Nason: That’s right. I mean, and I think that is kind of like a two-prong for that. I don’t want in any way to do my mom a disservice and say that she should have known. Cause when I first found out about this, I was like, “how did you not know mom?” and I think there’s a lot of reasons for that. But one of them being is that I was 17 years old when she signed that paperwork. And I don’t necessarily come from a family that when it comes to finances or financial literacy, that is not something that comes naturally. I grew up, my mom’s a single mom. Most of her jobs I watched her have growning up were under the table cash with the exception of one job.

She is somebody who wanted nothing more than for me to go to college and she was going to do whatever it was.
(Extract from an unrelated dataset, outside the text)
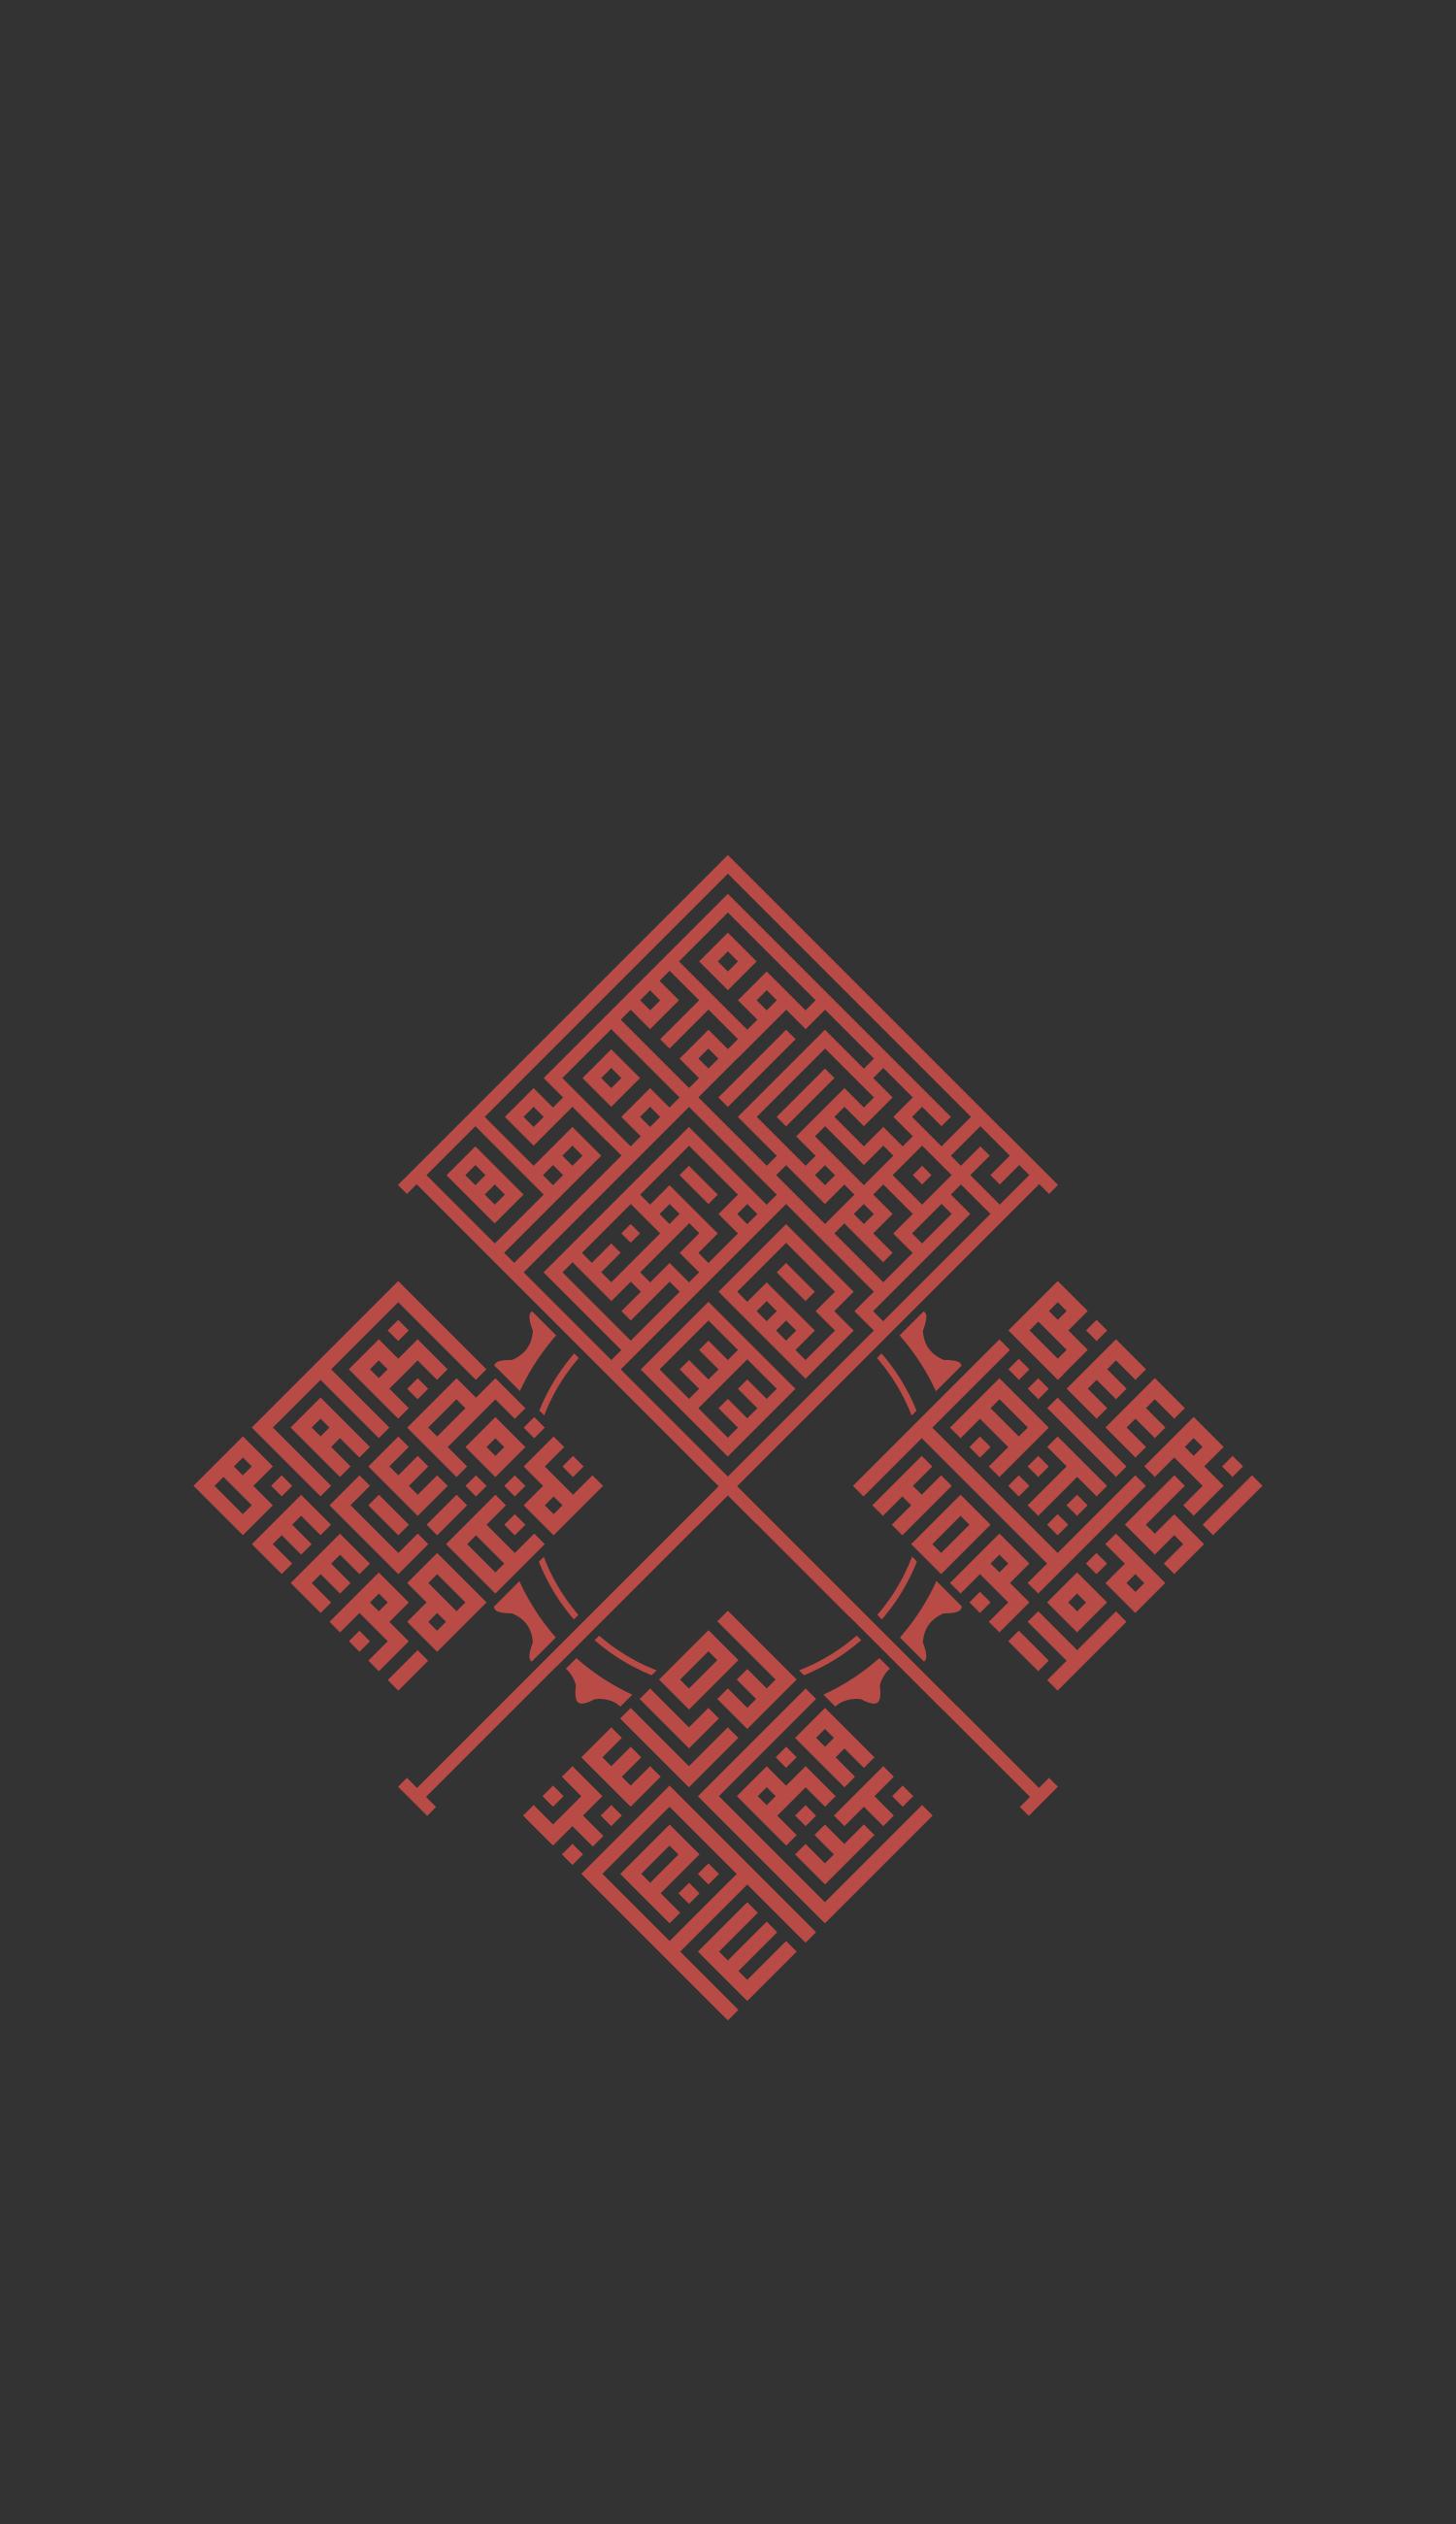 ocbr-vol2_wallpaper

But a lot of this paperwork was rushed. I think she knew that she was, she thought she was co-signing for me. I don’t think she had realized in the stack of paperwork about this big, our listeners can’t see, but it was like a stack, probably like a foot long that that was something that meant it was going to be in her name and that if it wasn’t paid back, it could garnish her social security in the future, or, do all kinds of horrible things to her finances. And I think we had talked about on our walk, that the way that we actually found out that she had this debt was about a year and a half after I had graduated college. Her newly married husband was waiting for his tax return. He’s a working-class guy. He worked for the city of Boston at the time. And he was the person that would landscape all of the public cemeteries in Boston. So, his salary was probably between $40,000/$50,000, just working-class blue-collar guy. When he got his tax returns, in the springtime, he was so dependent on those few thousand dollars that were coming in, that he would wait for that check to come in the mail. It didn’t come. And months passed, and it still didn’t come. And so, he called the IRS and figured out why. And it was because my mother hadn’t paid these massive loans and they defaulted and they garnished that $2,000 or $3,000 of tax returns that he was supposed to get. Luckily, he was able to do enough paperwork to get it back.

That’s how we found out about these loans. And it was a real shocker to my entire family system. Like it shook everything it really, really did. And I always say the IRS, like if they’re going to want money from you, you might not know it right away, but you eventually will somehow.

Nikki Nolan: It’s such a wild way to figure it out. I want to pull back just a tiny bit and, and go into, what sort of has been the impact of student debt on your life?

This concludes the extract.